Optical Coherence Tomography (OCT) angiography opens another exciting chapter in ophthalmic imaging.  Based on motion contrast, and in the presence of motion-less structure, OCT angiography (OCT-A) resolves signal due to moving blood flow.  It thereby offers a compelling alternative to fluorescein angiography (FA) for the visualization of vascular abnormalities without the need for injections of contrast dye.  Areas of perfusion, or indeed non-perfusion, are readily apparent in the images, and information regarding blood flow and microvasculature can be seen within different vascular beds, as opposed to FA that offers only a single 2d perspective.  So vasculature can not only be seen and isolated within different plexi of the retina, it can be observed in the choriocapillaris and deep into the choroid.  It is likely, therefore, given that retinal vascular diseases are the leading cause of blindness, this technology will have significant clinical impact in the coming years.

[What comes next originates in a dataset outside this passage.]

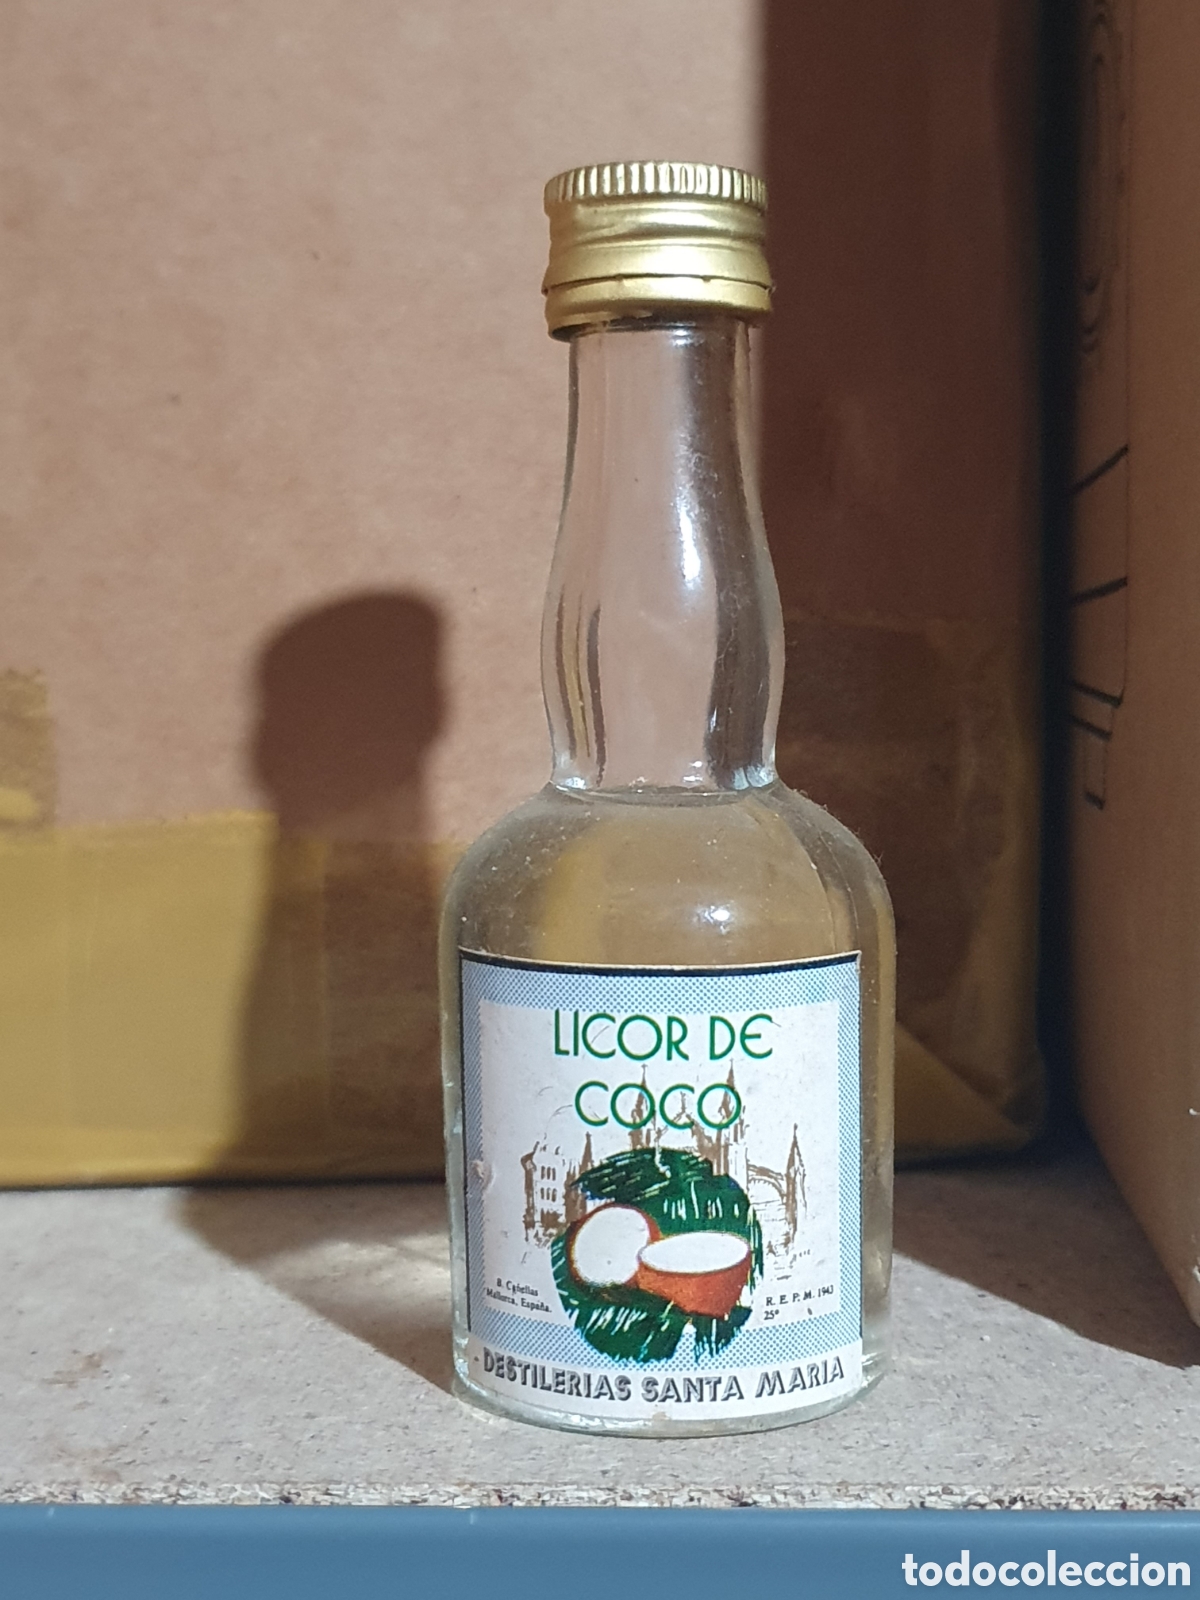 mini botella licor de coco - Compra venta en todocoleccion

To supplement regular OCT, there is an emphasis in OCT-A on three enabling technologies:

  1. Motion Correction
  2. Signal Decorrelation
  3. Layer Segmentation

In the following we give a brief overview of each of these topics and demonstrate in detail the contribution from 3), layer segmentation.

Motion Correction

If the motion contrast detected in OCT-A imaging is to be derived only from blood-flow, the data must be acquired from a motionless body.  That is, the structural information seen in the regular OCT data, which corresponds to anatomy, must be free of motion.  As volumetric OCT can take around two seconds to acquire, a fair amount of motion can occur.  The duration of OCT-A data is around four times that as the motion decorrelation algorithms require data from the same location at different time points in order to detect motion of the red blood cells.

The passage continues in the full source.